**DATA:**
<<<<

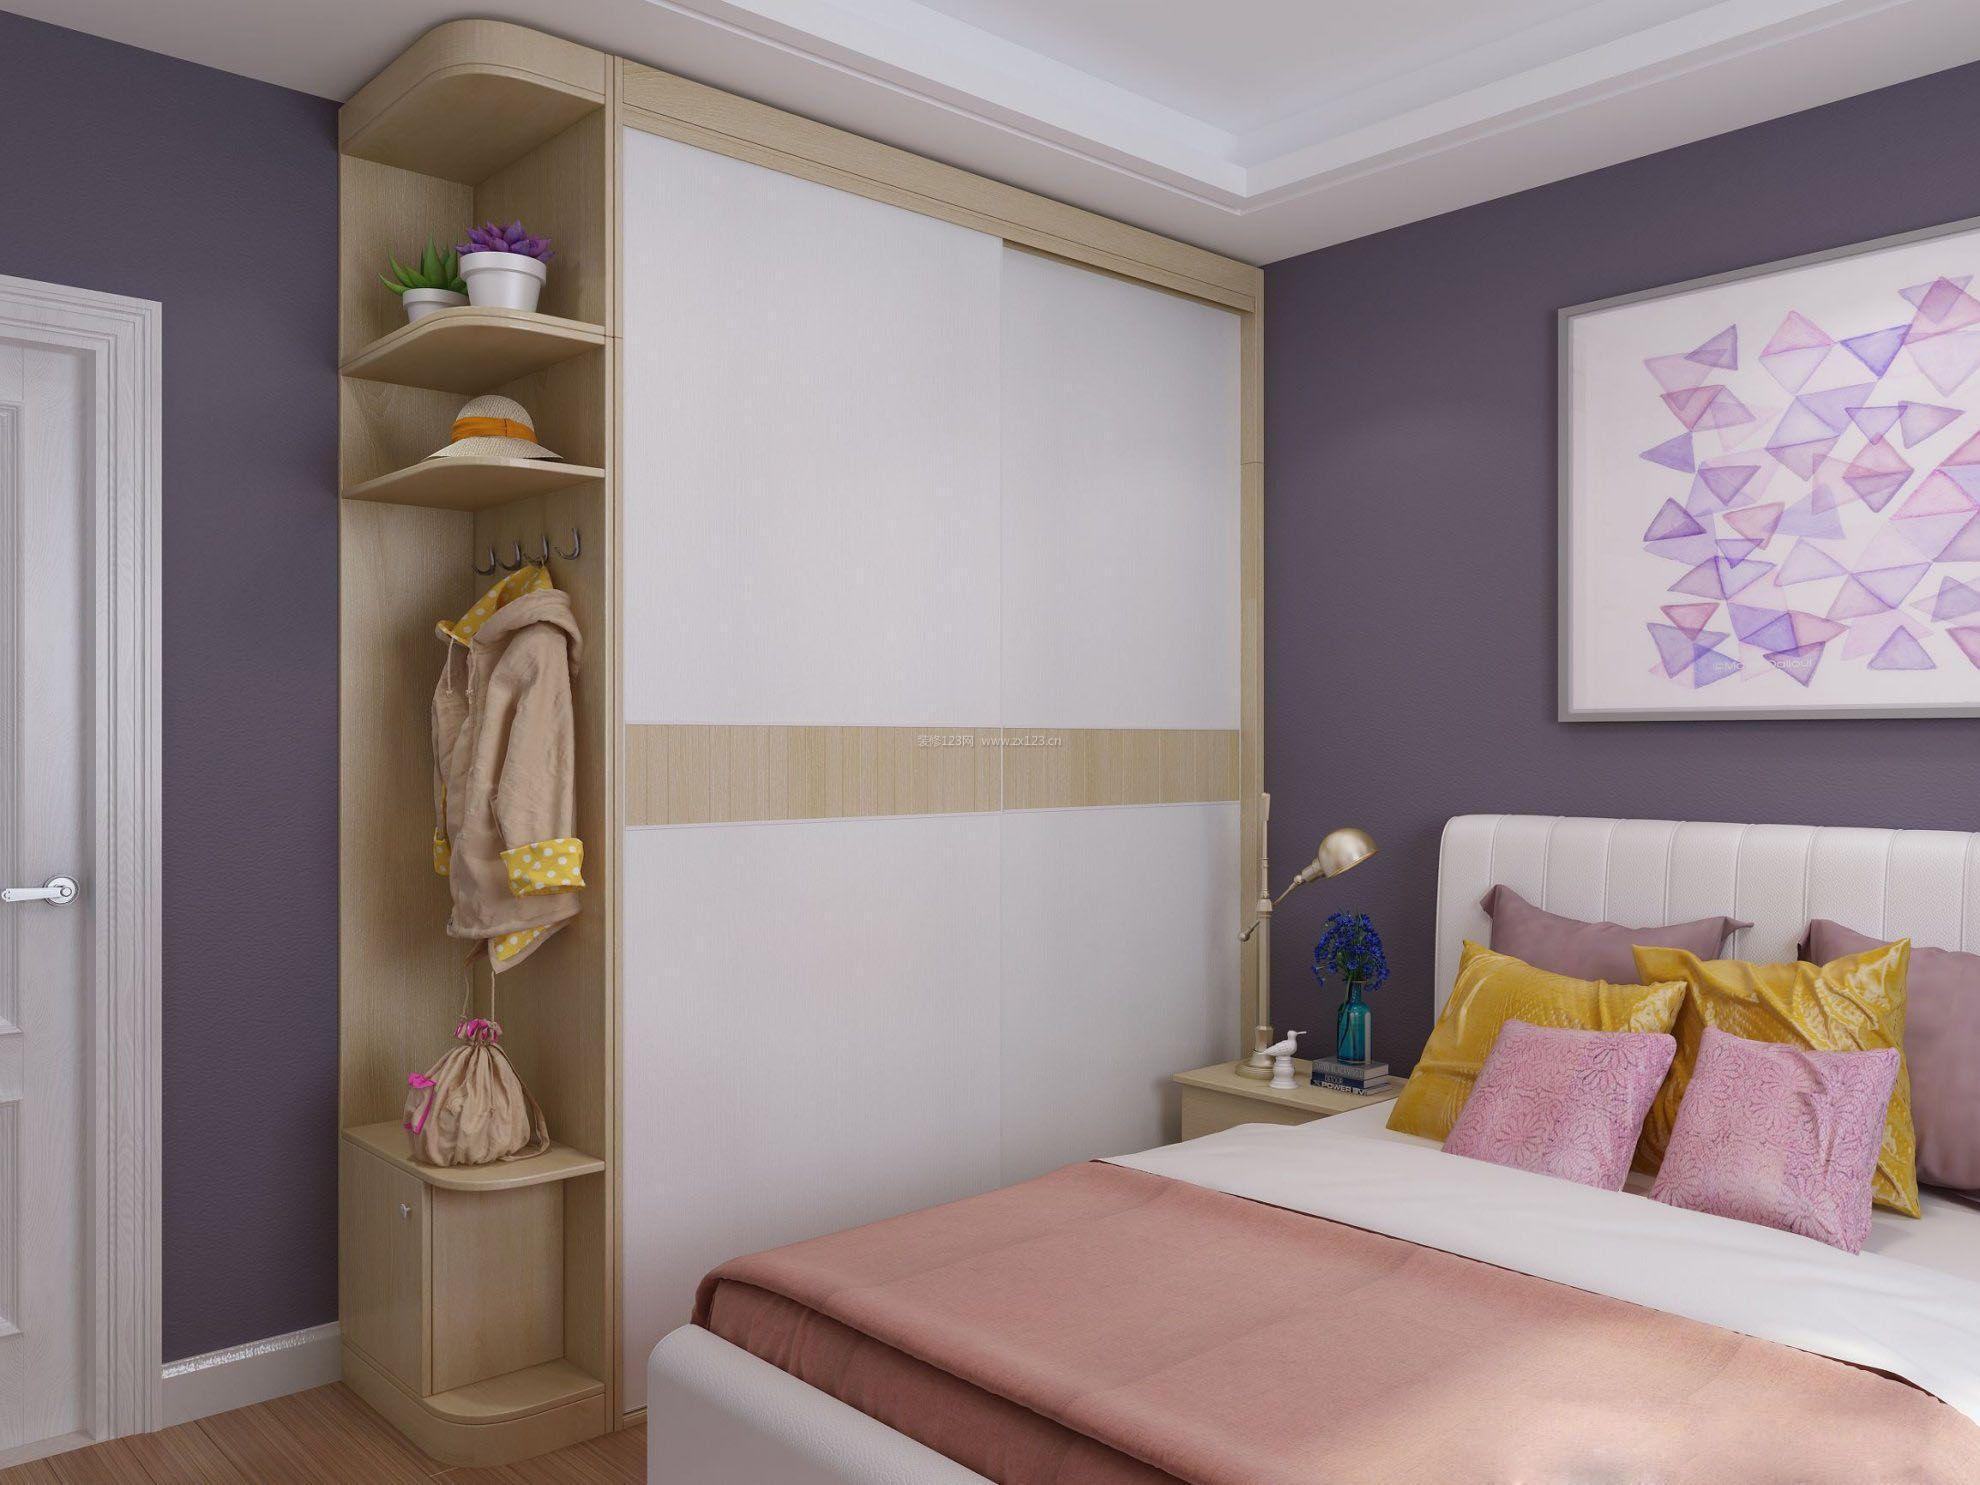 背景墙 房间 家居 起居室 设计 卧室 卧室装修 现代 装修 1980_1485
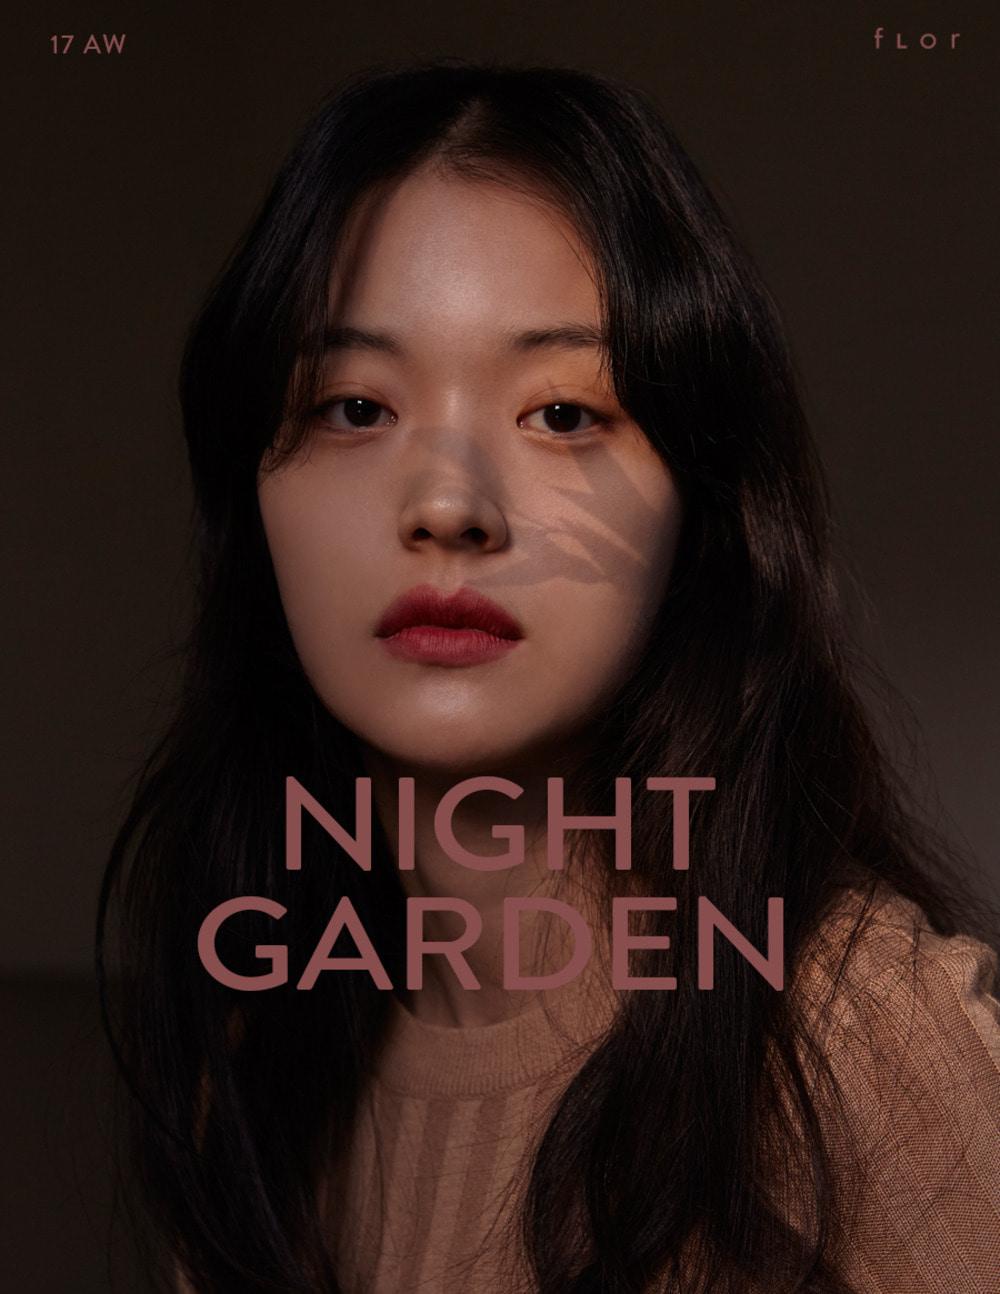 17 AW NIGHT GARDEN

>>>>
<<<<

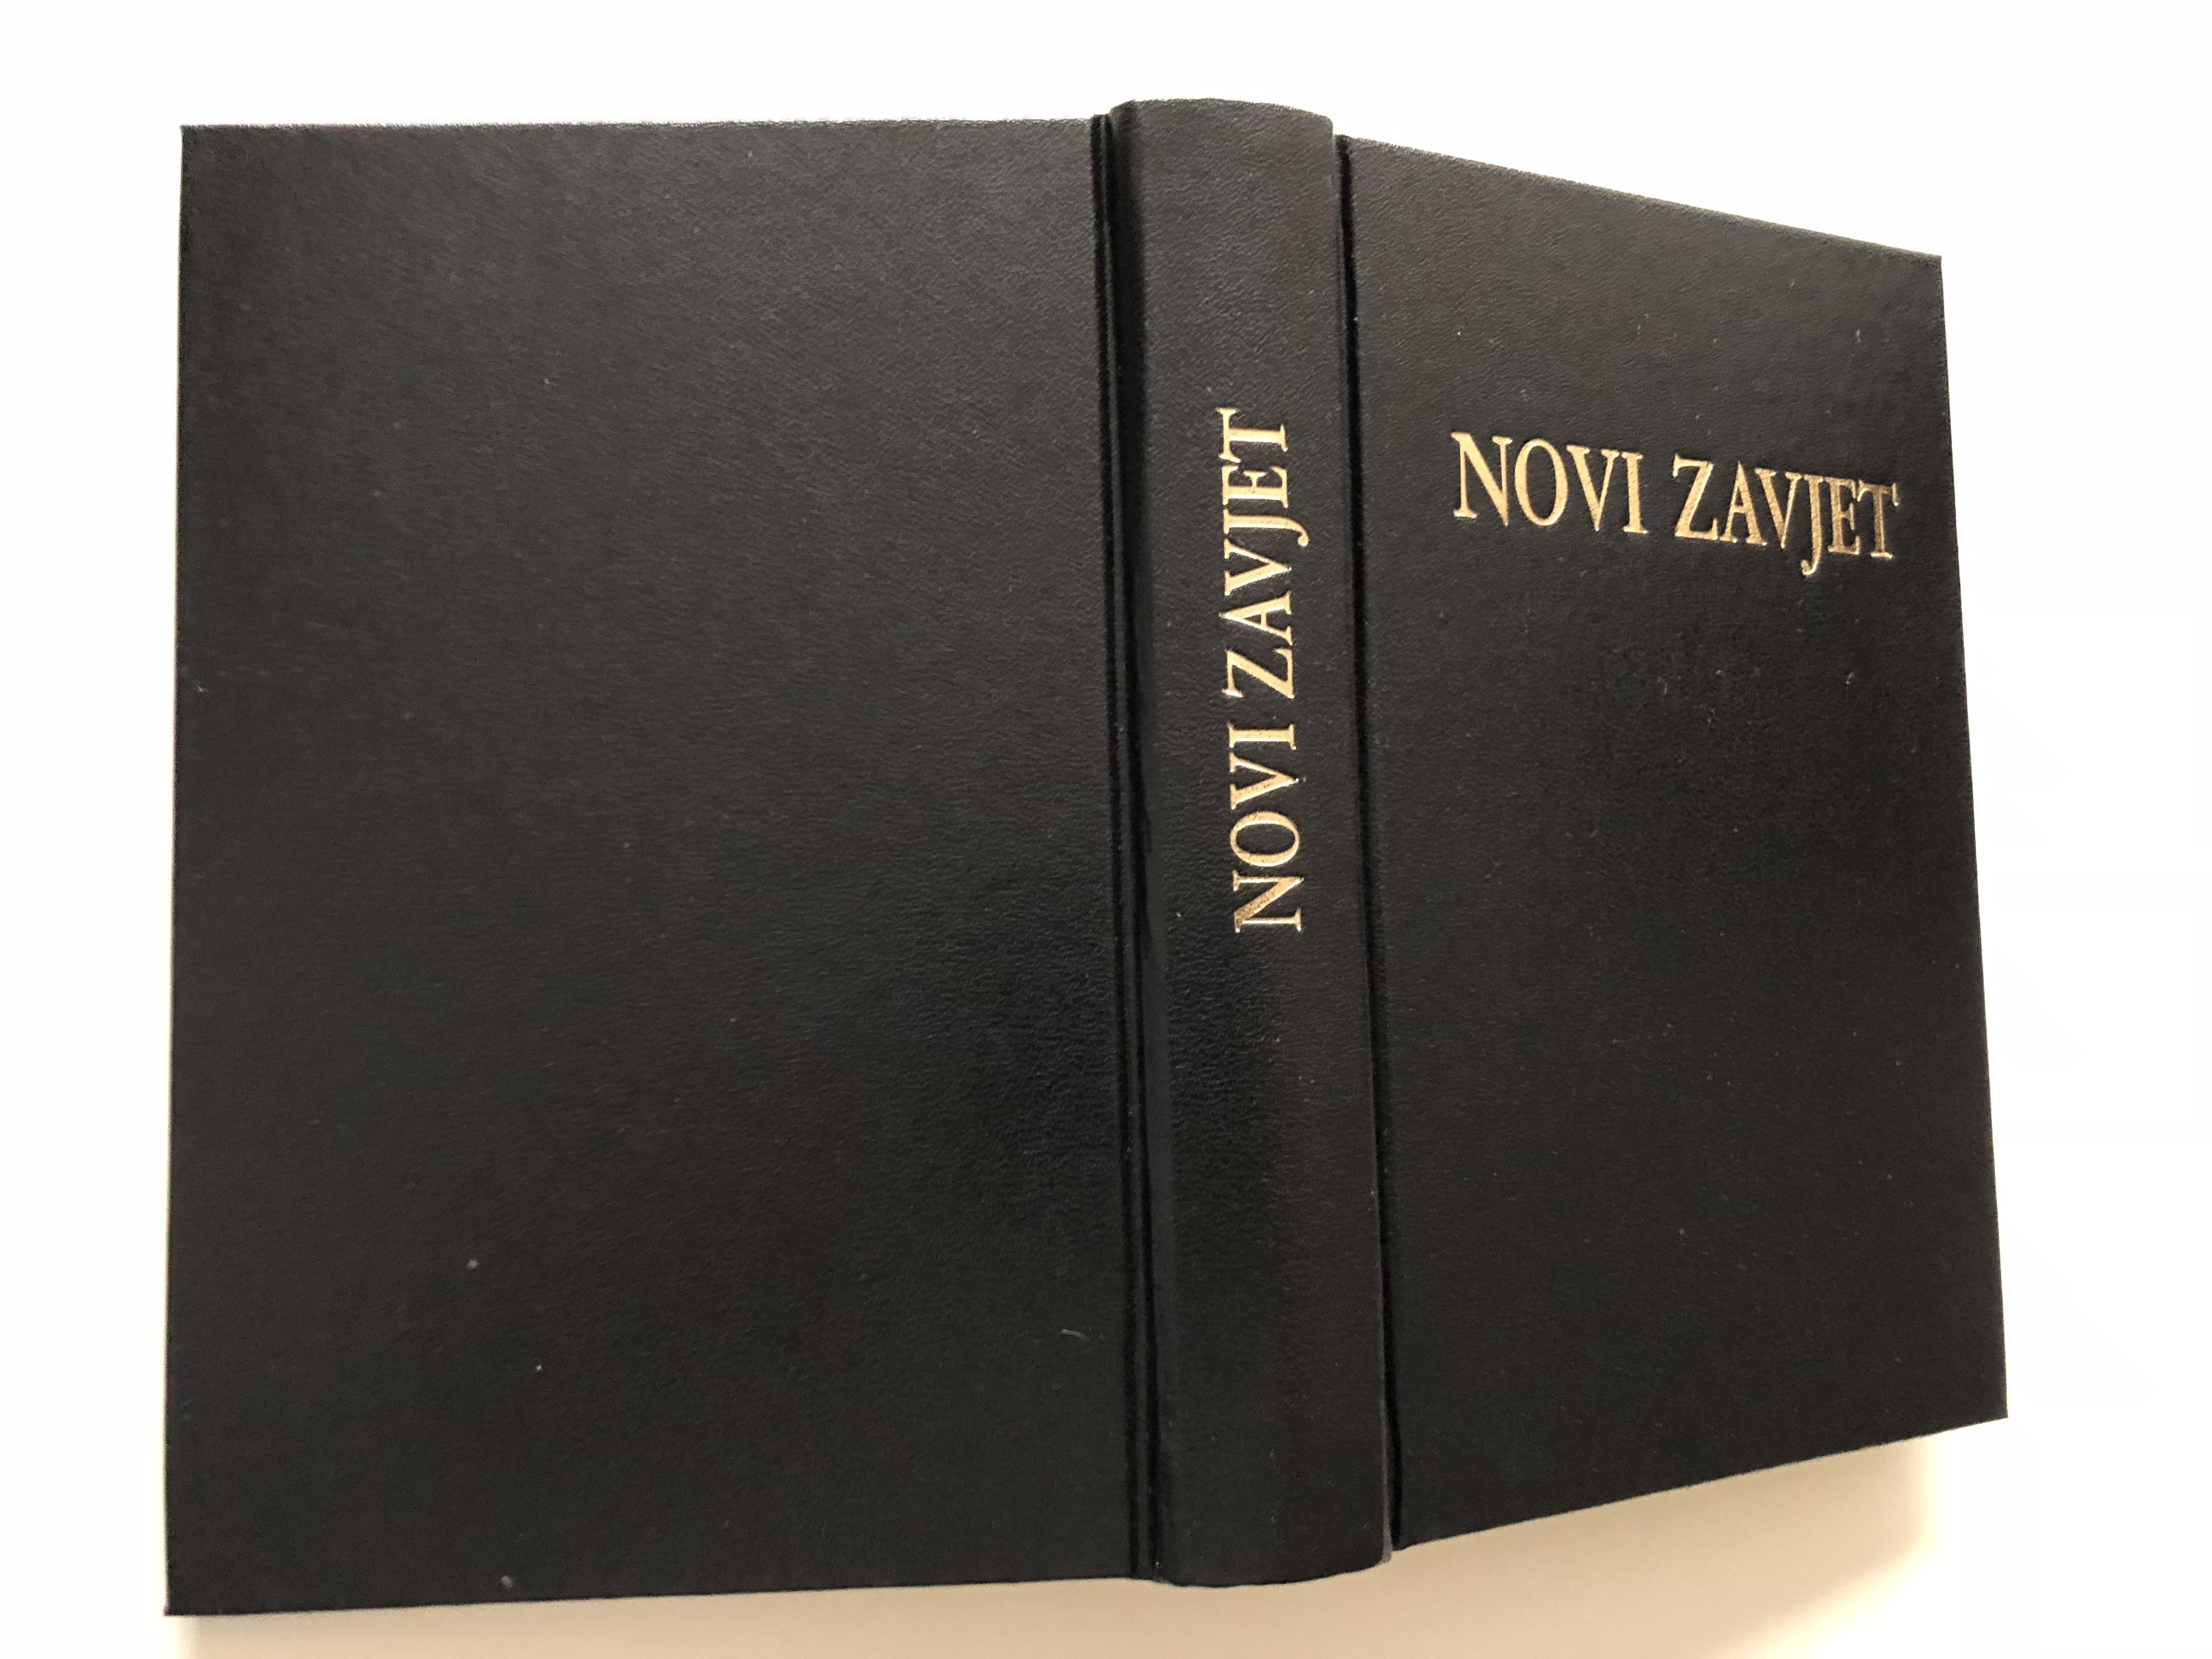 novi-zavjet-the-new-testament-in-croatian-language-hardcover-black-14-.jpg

>>>>

**WORK TASK:** Copy word for word the span of the records above that begins at the line with "背景墙 房间 家居 起居室 设计 卧室 卧室装修 现代 装修 1980_1485" and ends at the line with "17 AW NIGHT GARDEN", including those two lines but not the pictures.

**TASK OUTPUT:**
 背景墙 房间 家居 起居室 设计 卧室 卧室装修 现代 装修 1980_1485
 17 AW NIGHT GARDEN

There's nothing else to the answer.